Researchers from the National Cancer Institute (NCI) believe that four strategies have evolved that may allow researchers to build upon the chemopreventive benefits of aspirin and NA-NSAIDs and/or reduce their risk: modify the recommended regimen to separate effectiveness from safety concerns; provide gastrointestinal protection through use of proton pump inhibitors; conduct trials with similar drugs that have greater specificity for anti-cancer effects (e.g., COX-2 inhibitors or NA-NSAID derivatives); and identify combinations of chemopreventive agents that will synergize the effectiveness of aspirin or another NA-NSAID.

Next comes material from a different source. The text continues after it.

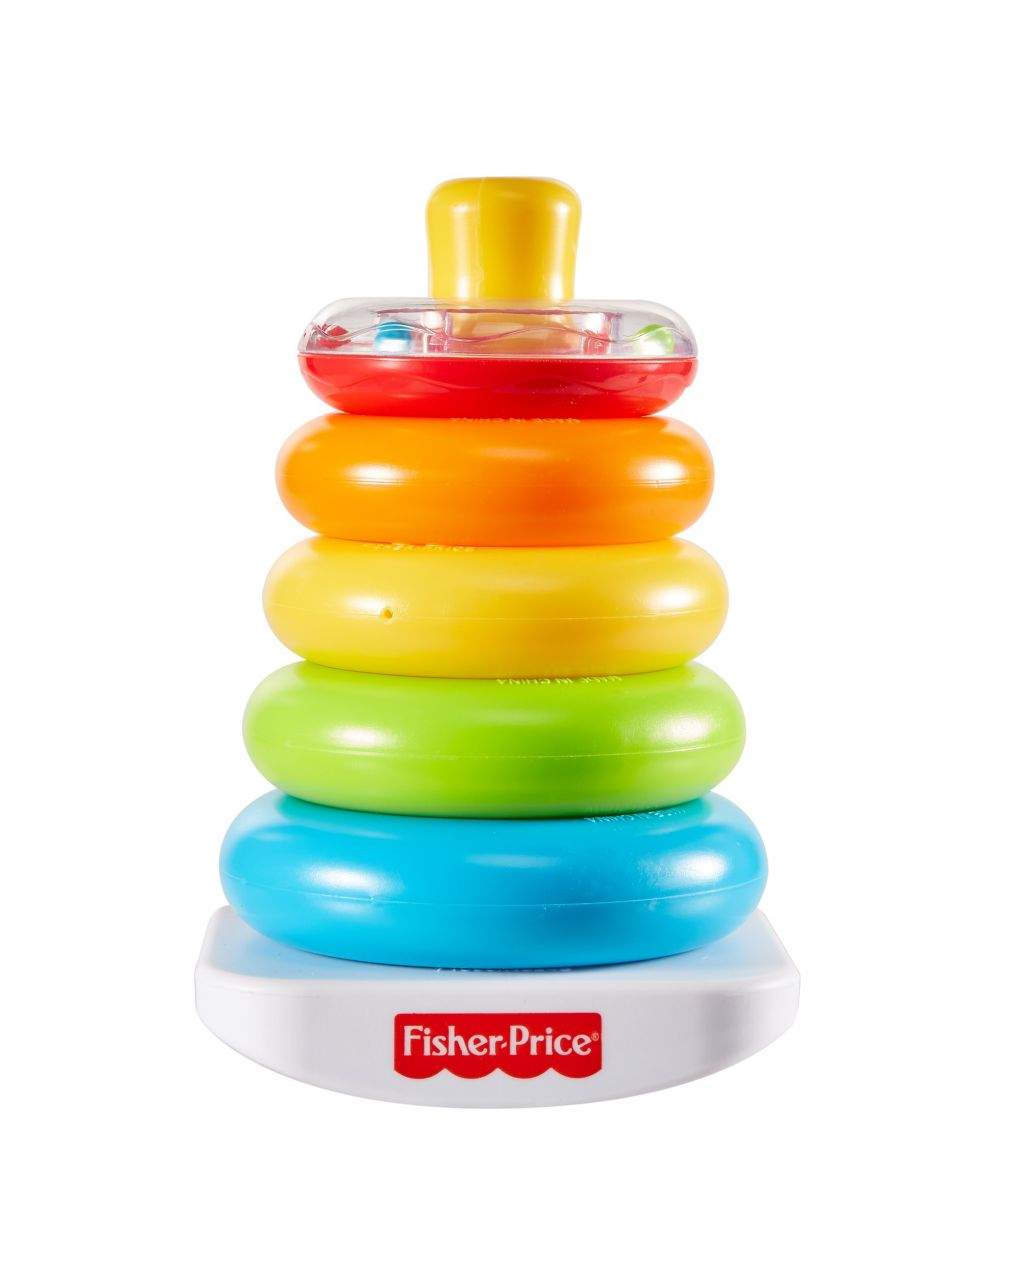 Fisher price - piramide 5 anelli - Fisher-Price

Through recent long-term chemoprevention trials with rofecoxib and celecoxib, researchers discovered a previously unrecognized cardiovascular toxicity, of relatively low frequency but significant magnitude, associated with the drugs. These reports have not only diminished interest in the use of NA-NSAIDs and COXIBs in cancer chemoprevention, but have also caused some researchers to question the notion of chemoprevention more broadly.

"The questions raised by recent developments with the use of COXIBs are similar to those faced by prior researchers studying cancer chemoprevention with tamoxifen or fenasteride," according to Ernest Hawk of the NCI and lead author of the study. "Establishing an acceptable balance between risks and benefits is critical in all areas of medicine, but medical oncology has rarely been dissuaded by an initial suboptimal therapeutic index. The risks posed by NA-NSAIDs and COXIBs should be seen as a stimulus for research to improve the balance of benefits versus risks, rather than a mandate to abandon one of the most consistent and powerful classes of chemopreventive agents known."

Indeed, before making any such decisions, researchers need to evaluate the data on the potential chemopreventive benefits of COXIBs in these studies. If studies show remarkable effectiveness in all or a subset of patients, they may yet prove to be useful despite their shortcomings. If COXIBs are not shown to work, researchers need to continue to study why in light of their substantial preliminary promise.